Exercise:
Your answer should be exactly the lines from the one that contains "Field notes contributed" through the final line of the entries below, and nothing else.
· · ·
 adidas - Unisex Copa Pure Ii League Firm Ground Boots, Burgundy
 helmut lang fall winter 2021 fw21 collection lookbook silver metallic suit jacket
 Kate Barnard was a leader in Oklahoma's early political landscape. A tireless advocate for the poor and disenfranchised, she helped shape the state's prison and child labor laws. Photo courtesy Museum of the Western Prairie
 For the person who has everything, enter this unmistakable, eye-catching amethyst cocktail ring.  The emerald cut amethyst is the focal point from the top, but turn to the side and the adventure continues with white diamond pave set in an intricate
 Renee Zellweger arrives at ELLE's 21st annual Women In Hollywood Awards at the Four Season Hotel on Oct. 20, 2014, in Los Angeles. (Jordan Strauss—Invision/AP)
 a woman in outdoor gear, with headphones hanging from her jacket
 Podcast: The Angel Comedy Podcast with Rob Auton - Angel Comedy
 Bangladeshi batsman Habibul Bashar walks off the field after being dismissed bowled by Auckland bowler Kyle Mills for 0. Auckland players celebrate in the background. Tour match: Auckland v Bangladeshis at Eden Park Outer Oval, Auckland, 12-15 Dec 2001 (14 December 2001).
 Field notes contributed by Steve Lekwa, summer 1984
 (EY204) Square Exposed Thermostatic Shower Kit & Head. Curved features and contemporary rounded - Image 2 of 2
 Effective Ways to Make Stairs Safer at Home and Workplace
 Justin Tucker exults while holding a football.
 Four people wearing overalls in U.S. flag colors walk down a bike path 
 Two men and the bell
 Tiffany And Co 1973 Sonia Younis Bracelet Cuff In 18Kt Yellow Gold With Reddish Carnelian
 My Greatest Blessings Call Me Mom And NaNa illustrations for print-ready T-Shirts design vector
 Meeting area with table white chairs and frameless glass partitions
· · ·
Answer space:
 Field notes contributed by Steve Lekwa, summer 1984
 (EY204) Square Exposed Thermostatic Shower Kit & Head. Curved features and contemporary rounded - Image 2 of 2
 Effective Ways to Make Stairs Safer at Home and Workplace
 Justin Tucker exults while holding a football.
 Four people wearing overalls in U.S. flag colors walk down a bike path 
 Two men and the bell
 Tiffany And Co 1973 Sonia Younis Bracelet Cuff In 18Kt Yellow Gold With Reddish Carnelian
 My Greatest Blessings Call Me Mom And NaNa illustrations for print-ready T-Shirts design vector
 Meeting area with table white chairs and frameless glass partitions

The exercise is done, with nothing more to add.